Ш.Л.: Что же в таком случае соответствует действительности?

ЛЮССАК: Я был в доме за два часа до того, как начался пожар.

Ш.Л.: И?

ЛЮССАК: Там никого не оказалось. Все вещи были в том положении, в каком я оставил их в апреле. Ставни закрыты, в жилой комнате тоже никто ничего не трогал. Мастерская была заперта.

Ш.Л.: Вы зашли в мастерскую?

ЛЮССАК: Нет, я тотчас покинул дом и направился на Вишневую улицу, чтобы найти Валерию. Однако дом итальянца оказался на замке. У ворот не было стражи, а на мой стук никто не ответил. Двое нищих, оказавшихся поблизости, сказали мне, что дом закрыт с чистого четверга. Несолоно хлебавши, направил я свои стопы к Гревской площади. Улицы казались вымершими. Я проголодался, но мне потребовался почти час, чтобы найти харчевню, где я смог съесть тарелку супа и кусок хлеба. После этого я отправился в Университетский квартал. Но в доме Баллерини тоже не было никого, и в конце концов мне пришлось вернуться на улицу Двух Ворот.

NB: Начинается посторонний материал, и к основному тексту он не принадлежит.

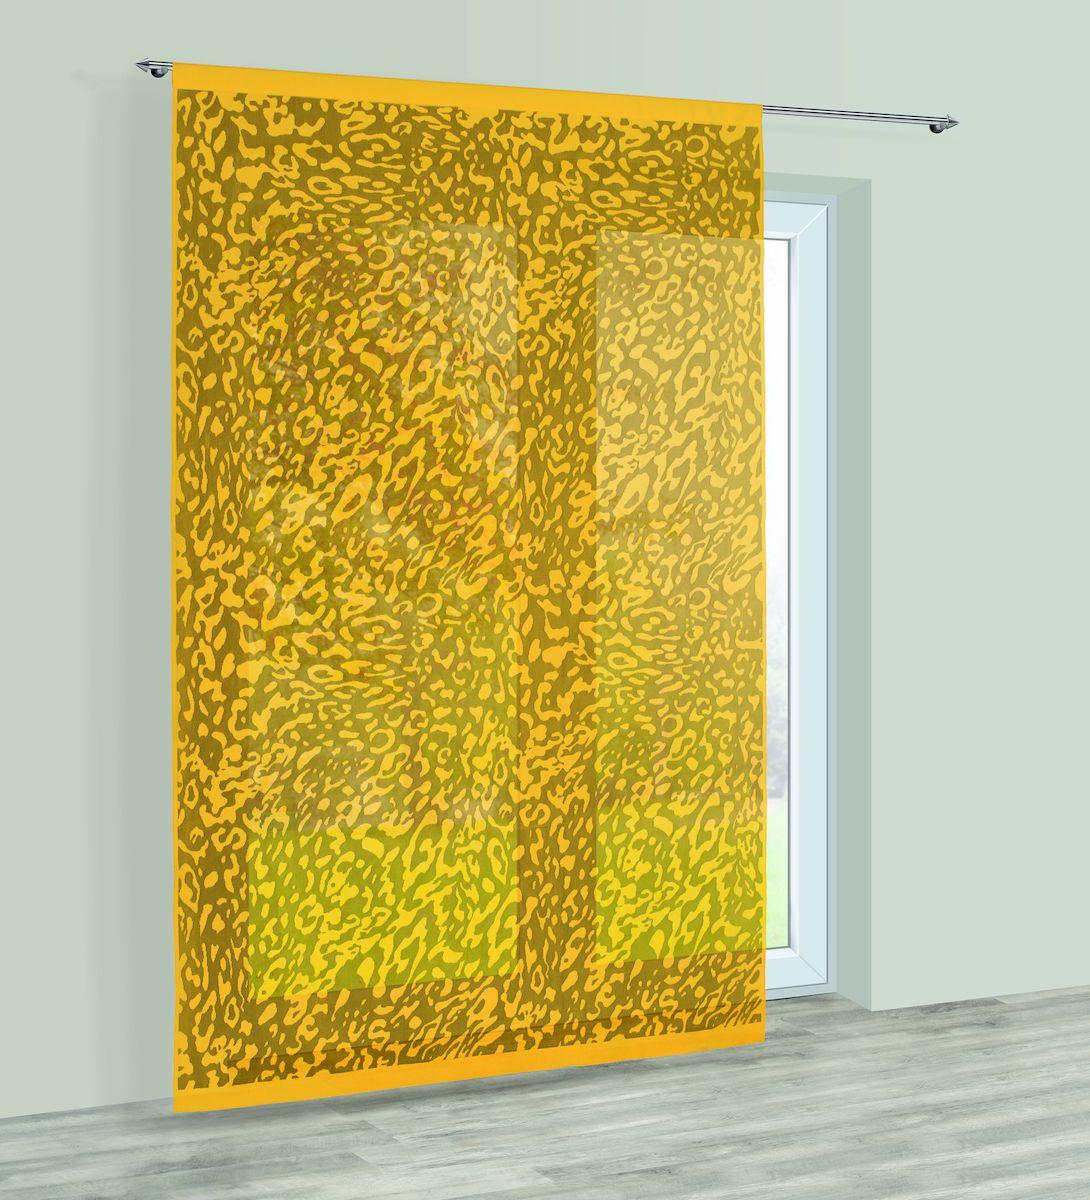 Гардина Haft, на кулиске, цвет: желтый, высота 250 см. 22854060184_ЛЕНТАГардина Haft великолепно украсит любое окно. Изделие выполнено из полиэстера и декорировано под окрас животного.Изделие имеет оригинальный дизайн и органично впишется в интерьер помещения.Гардина крепится на карниз при помощи кулиски.

Едва свернув на свою улицу, я сразу заметил перед домом большое скопление народа. Звонили в пожарный колокол. Отовсюду сбегались люди, чтобы помочь в тушении пожара. Между домами стлался густой дым, а сзади я услышал лошадиное ржание — это скакали городские стражники, вызванные на место происшествия. Меня объял невероятный ужас. После всего того, что произошло, это несчастье скорее всего было очередным звеном цепи событий, началом которой стали интриги Виньяка. Предоставив дом дяди его судьбе, я резко повернулся и опрометью бросился назад, к дому Баллерини.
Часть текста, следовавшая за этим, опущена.